Decision Date20 June 1991
Docket NumberNo. 1,CA-CV,1
Citation171 Ariz. 325,830 P.2d 846
PartiesMARICOPA COUNTY, a political subdivision, Plaintiff-Appellant, Cross-Appellee, v. MARICOPA COUNTY MUNICIPAL WATER CONSERVATION DISTRICT NO. 1, a municipal corporation, Defendant-Appellee, Cross-Appellant. 89-483.
CourtArizona Court of Appeals
OPINION

EUBANK, Judge.

This appeal arises from a dispute over a $2.00 entrance fee charged by Maricopa County (County), and then remitted to Maricopa County Municipal Water Conservation District No. 1 (MWD), for each vehicle entering Lake Pleasant Regional Park. In 1984, the parties entered into an agreement providing that the County would collect the $2.00 fee for MWD's benefit to help offset MWD's spiraling costs for the operation, maintenance and safety of Waddell Dam and Camp Dyer Diversion Dam. The agreement supplemented a 1969 contract authorizing the County to manage a regional park adjacent to Lake Pleasant until 1994.

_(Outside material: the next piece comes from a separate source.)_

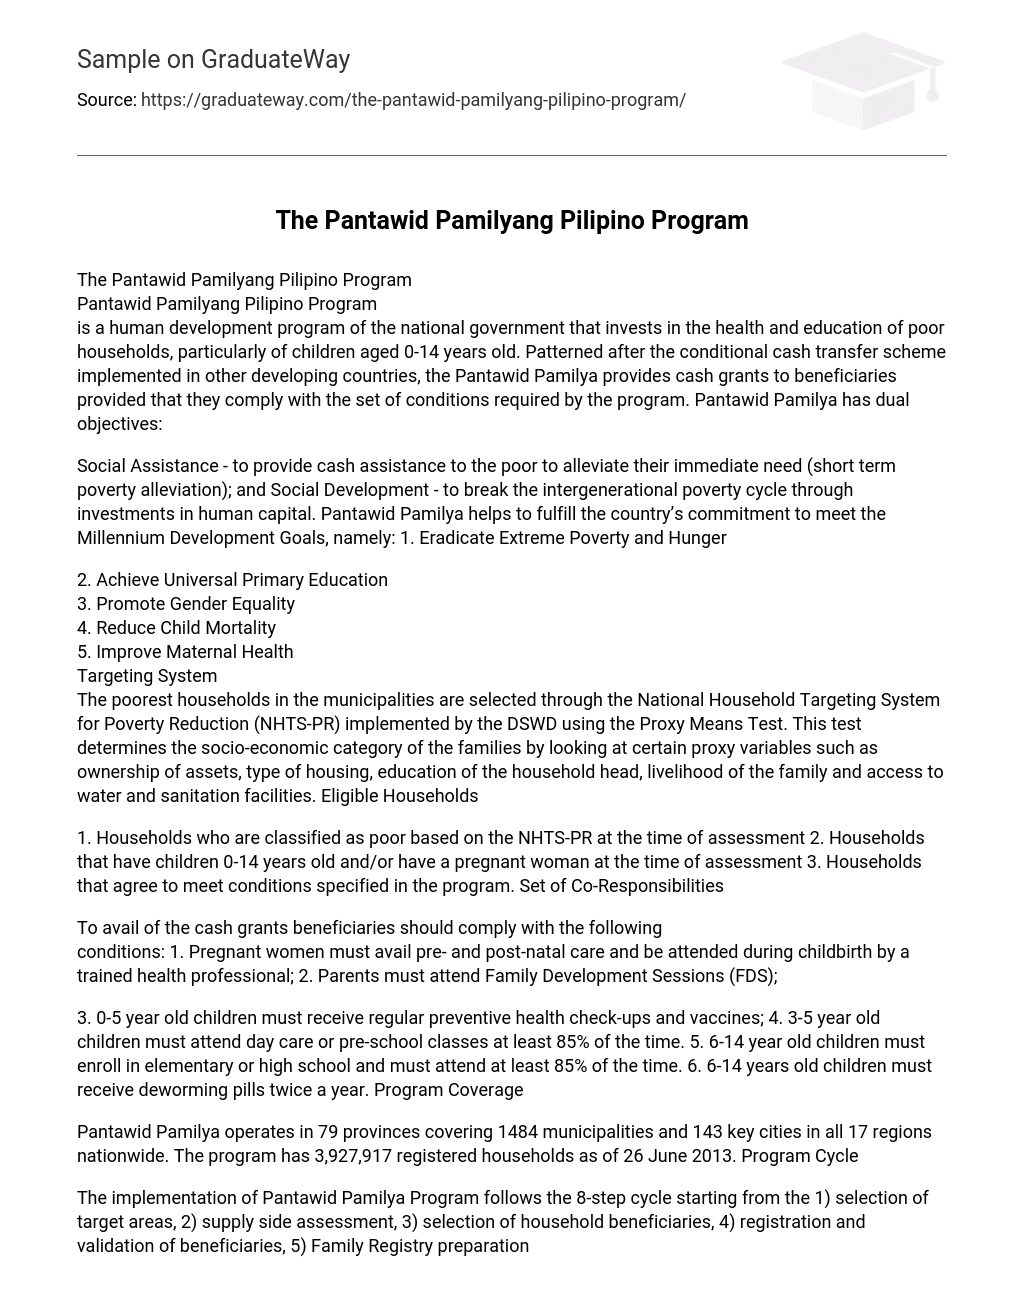 The Pantawid Pamilyang Pilipino Program

In August 1988, the County sought a declaratory judgment in the superior court construing and determining the parties' rights under the 1984 agreement. The superior court, after both parties filed motions for summary judgment raising numerous arguments, ruled in MWD's favor on these issues. The superior court also awarded MWD attorneys' fees totalling $10,000.00, pursuant to A.R.S. § 12-348. The court refused to consider MWD's request for a fee award under A.R.S. § 12-341.01(A), finding that A.R.S. § 12-348 imposed a mandatory $10,000.00 limit on attorneys' fee awards against the County.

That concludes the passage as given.